Solution Approach 2:
The patent replaces the mechanical system of human driver operation with an automated electronic control system. The vehicle control system uses sensors, processors, and actuators to substitute human monitoring and control functions, transforming manual mechanical operations into automated electronic control processes.
2Productivity
If remote control driving mode is implemented, then manpower costs are reduced and management efficiency is improved, but mode transition smoothness during emergencies may be compromised
Solution Approach 1:
The mode switching module dynamically adjusts between automatic driving mode and remote control driving mode based on real-time vehicle conditions and operational needs. The system can smoothly transition between modes during normal operation and during emergencies, optimizing the balance between automation and remote supervision based on situational requirements.
Solution Approach 2:
The system changes operational parameters by switching between different driving modes. The mode switching module alters the control parameter state from fully automatic to remote-controlled based on detected conditions, enabling flexible adaptation to different operational scenarios while maintaining operational smoothness through controlled parameter transitions.
3Productivity
If centralized control is implemented for managing multiple vehicles, then management efficiency is improved and costs are reduced, but system complexity increases
Solution Approach 1:
The parallel driving control device performs multiple functions including monitoring multiple vehicles, receiving abnormality information, generating takeover requests, and coordinating remote control operations.
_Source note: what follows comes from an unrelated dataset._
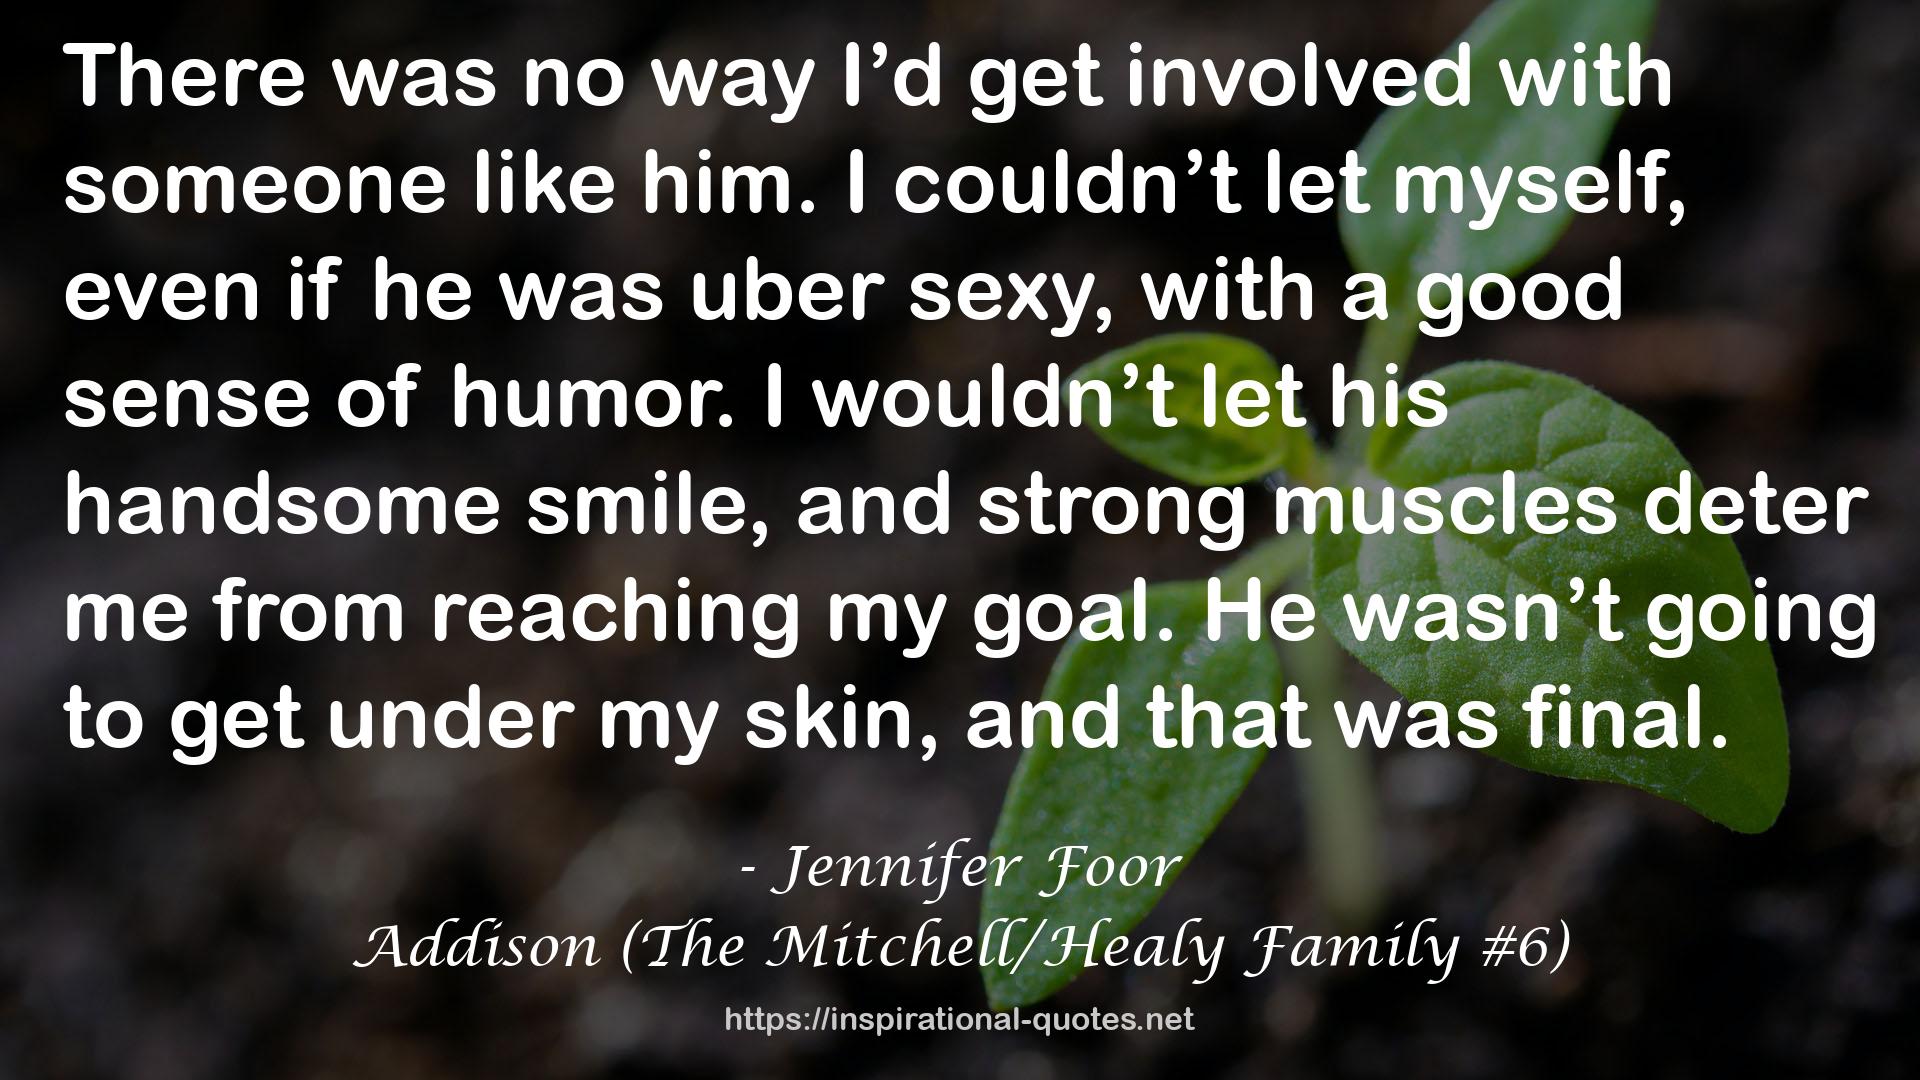 Addison (The Mitchell/Healy Family #6) QUOTES

This multi-functional centralized controller manages diverse vehicle operations through a single unified system, improving efficiency while containing complexity through functional integration.
Solution Approach 2:
The parallel driving control device acts as an intermediary between multiple vehicle control systems and remote operators. It receives data from vehicles, processes abnormality information, generates appropriate takeover requests, and coordinates remote control actions, serving as a mediating layer that simplifies the overall system architecture while enabling efficient centralized management.
Data Source
AI summary
A parallel remote control driving system for an intelligent network vehicle, comprising an intelligent network vehicle control device, a parallel driving control and a remote control driving device. The remote control driving device generates, according to a remote control driving request signal from the parallel driving control device, a remote control driving instruction signal, and generates, according to user operations, a driving mode signal and a vehicle control signal and transmits the vehicle control signal to the intelligent network vehicle control device through the parallel driving control device, for remote control of the intelligent network vehicle. With the parallel remote control driving system, the human driver is no longer necessary when the intelligent network vehicle is on the road. Therefore, the manpower cost including training cost, the technical requirement, and the safety cost of the human driver is significantly reduced, thus facilitating the promotion of intelligent network vehicle.